▸ **Goal of the exercise**:
Restate the data below word for word, and let no image into your version.

▸ **Supplied information**:

§ §

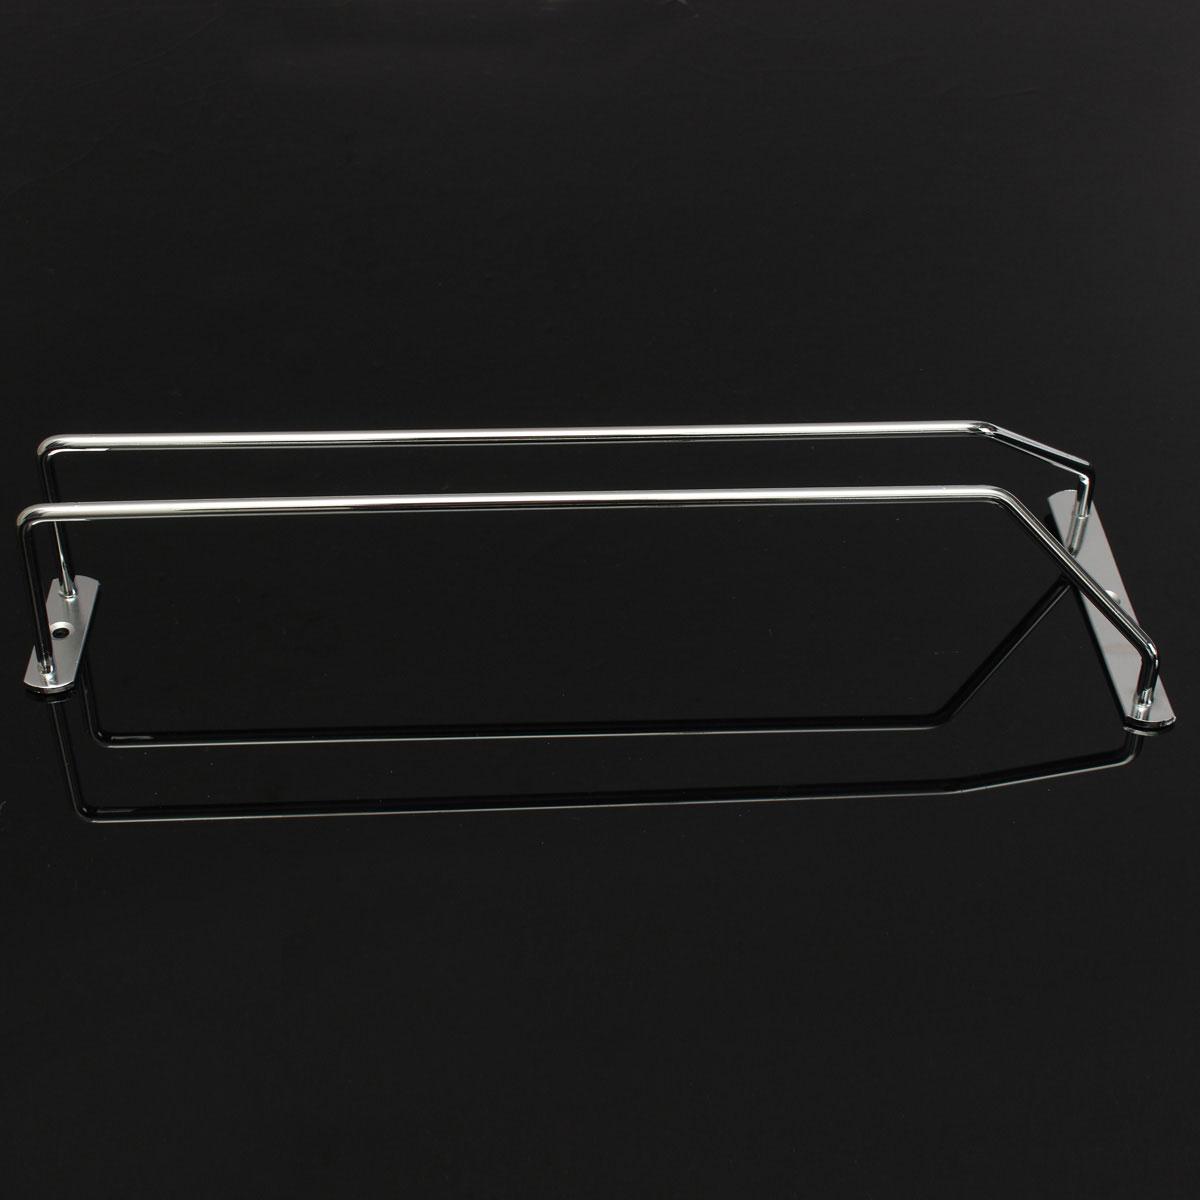 1 range support rangement verres pied fl tes porte verres chrome etag res 35cm ebay. Black Bedroom Furniture Sets. Home Design Ideas
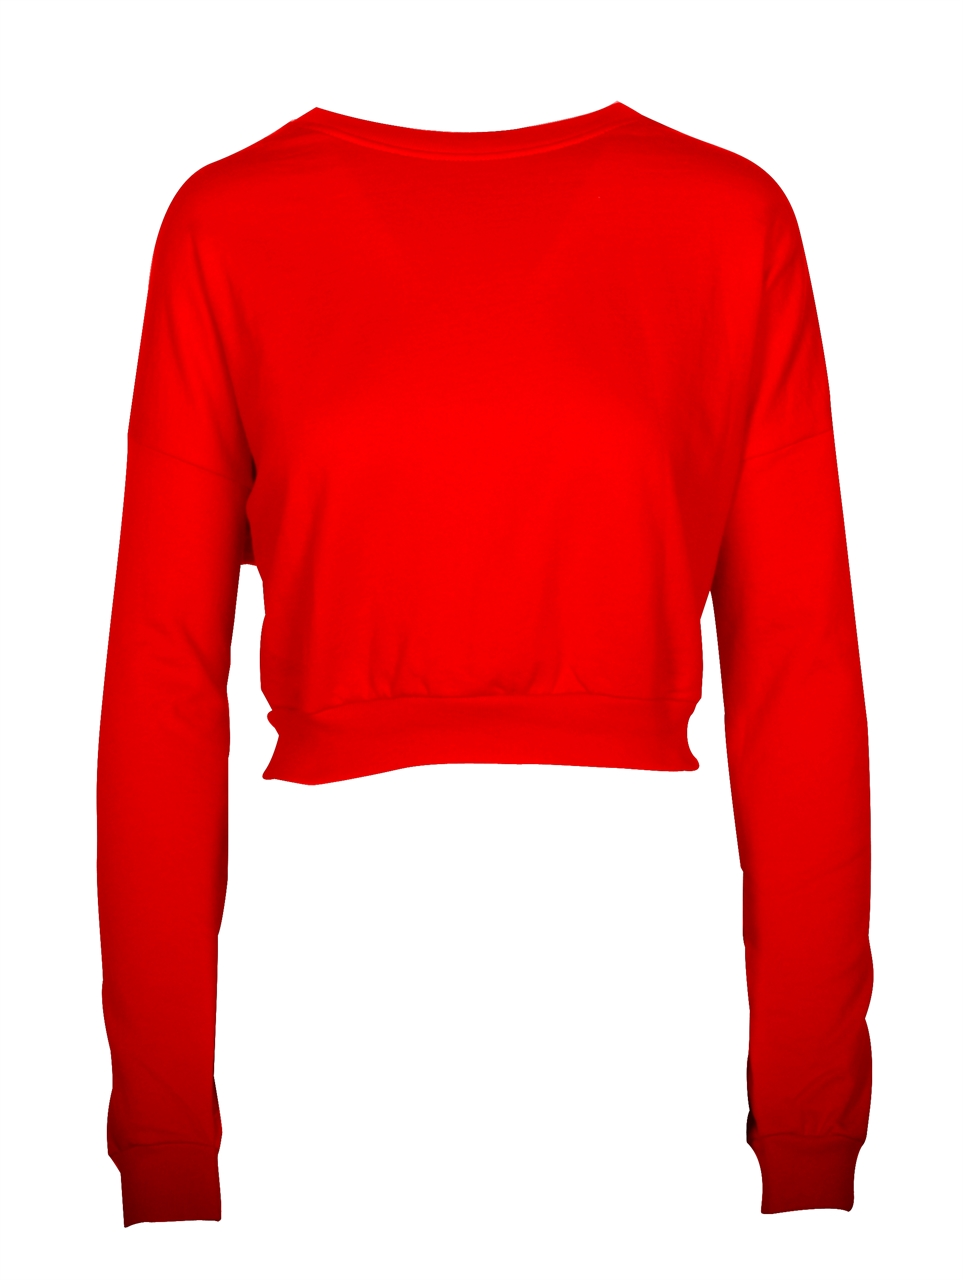 Picture of American Apparel California Fleece Cropped Sweatshirt
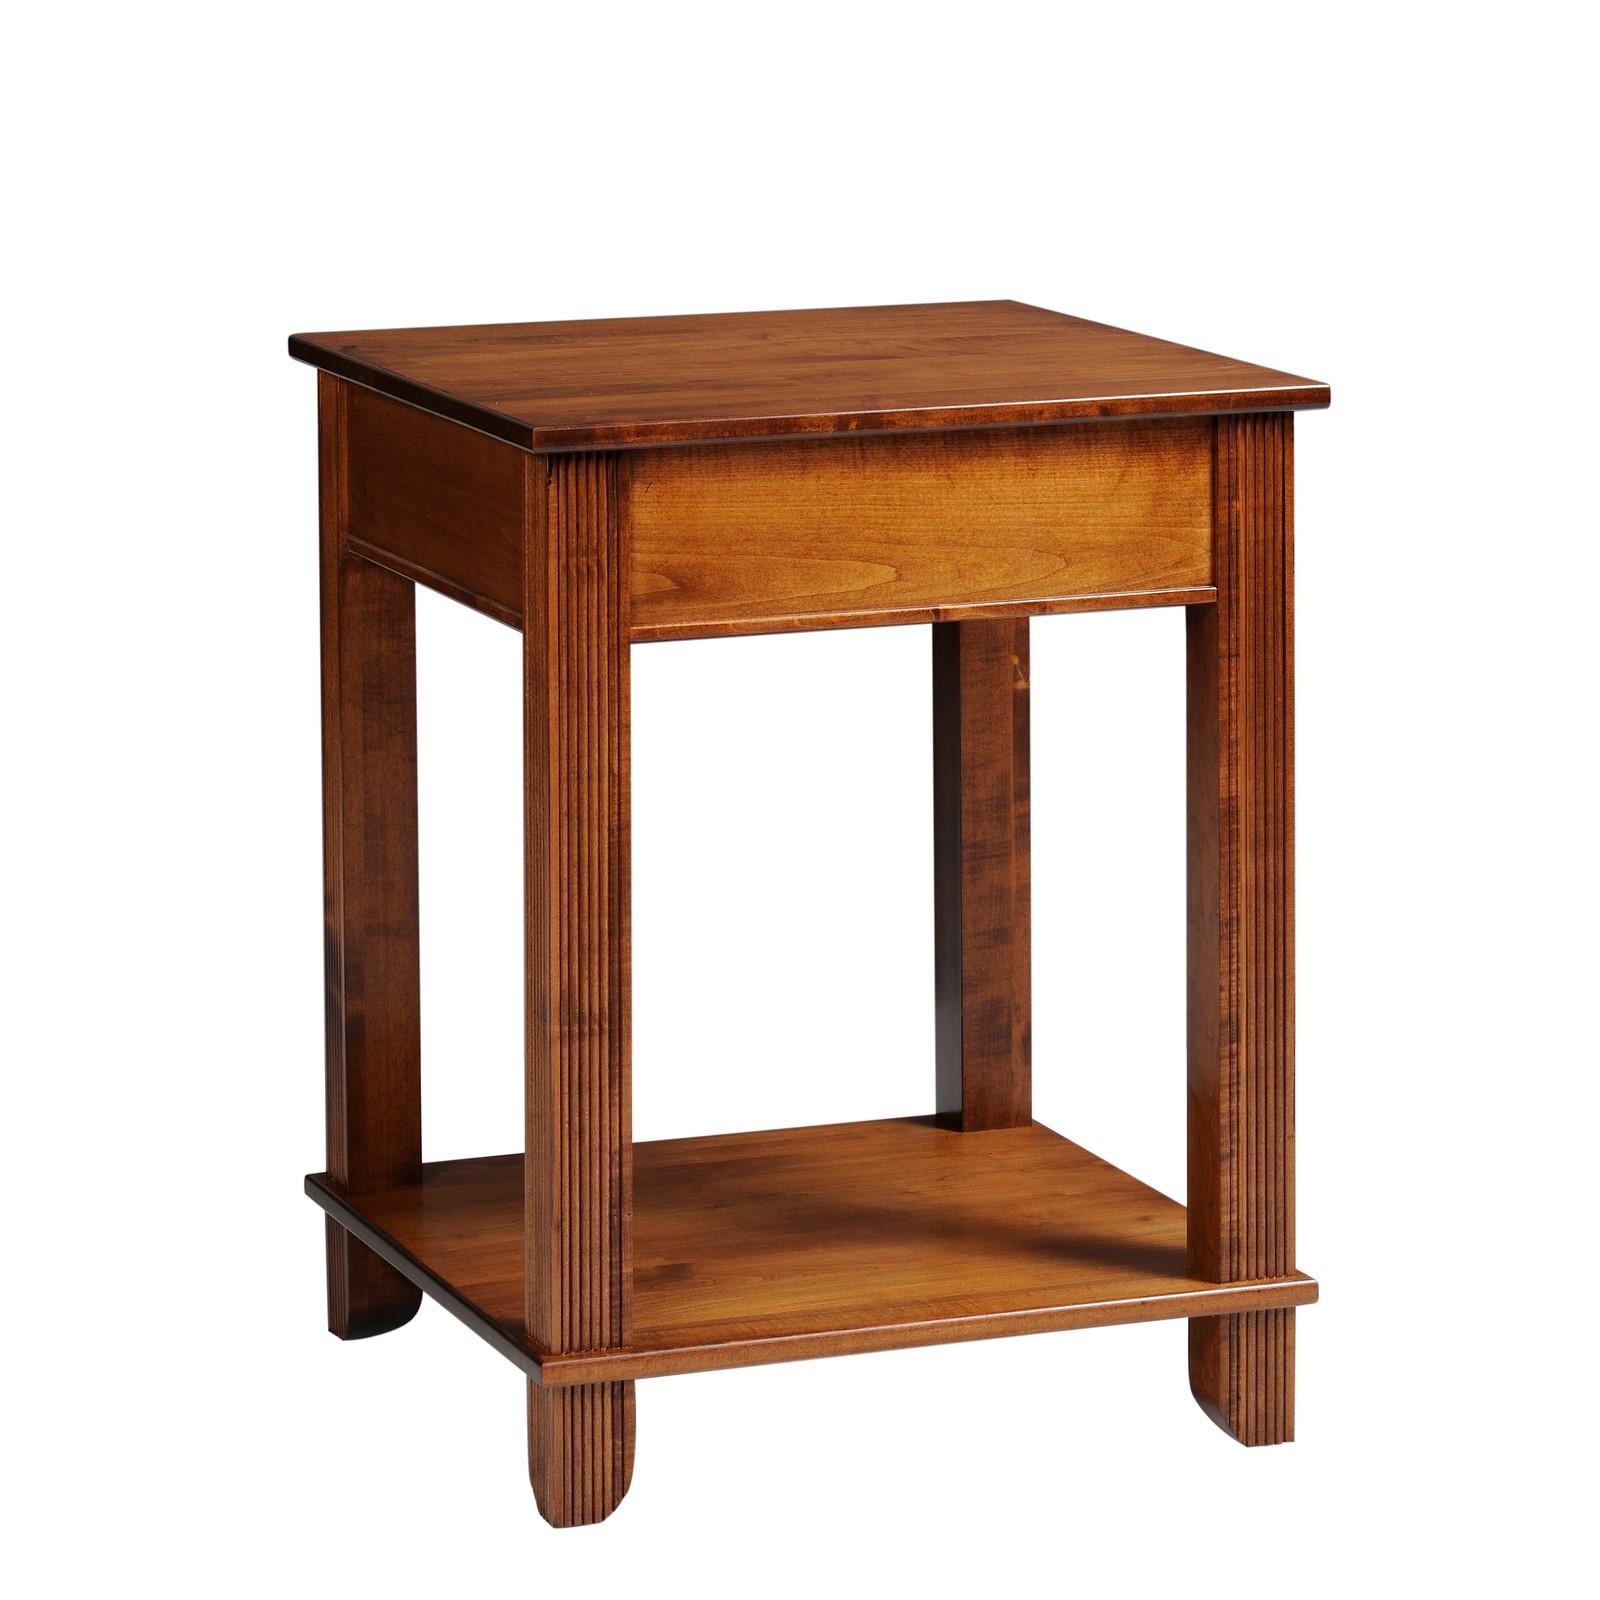 Y & T Woodcraft Modular Corner Table - Stewart Roth Furniture

§ §

▸ **Solution to the exercise**:
 1 range support rangement verres pied fl tes porte verres chrome etag res 35cm ebay. Black Bedroom Furniture Sets. Home Design Ideas
 Picture of American Apparel California Fleece Cropped Sweatshirt
 Y & T Woodcraft Modular Corner Table - Stewart Roth Furniture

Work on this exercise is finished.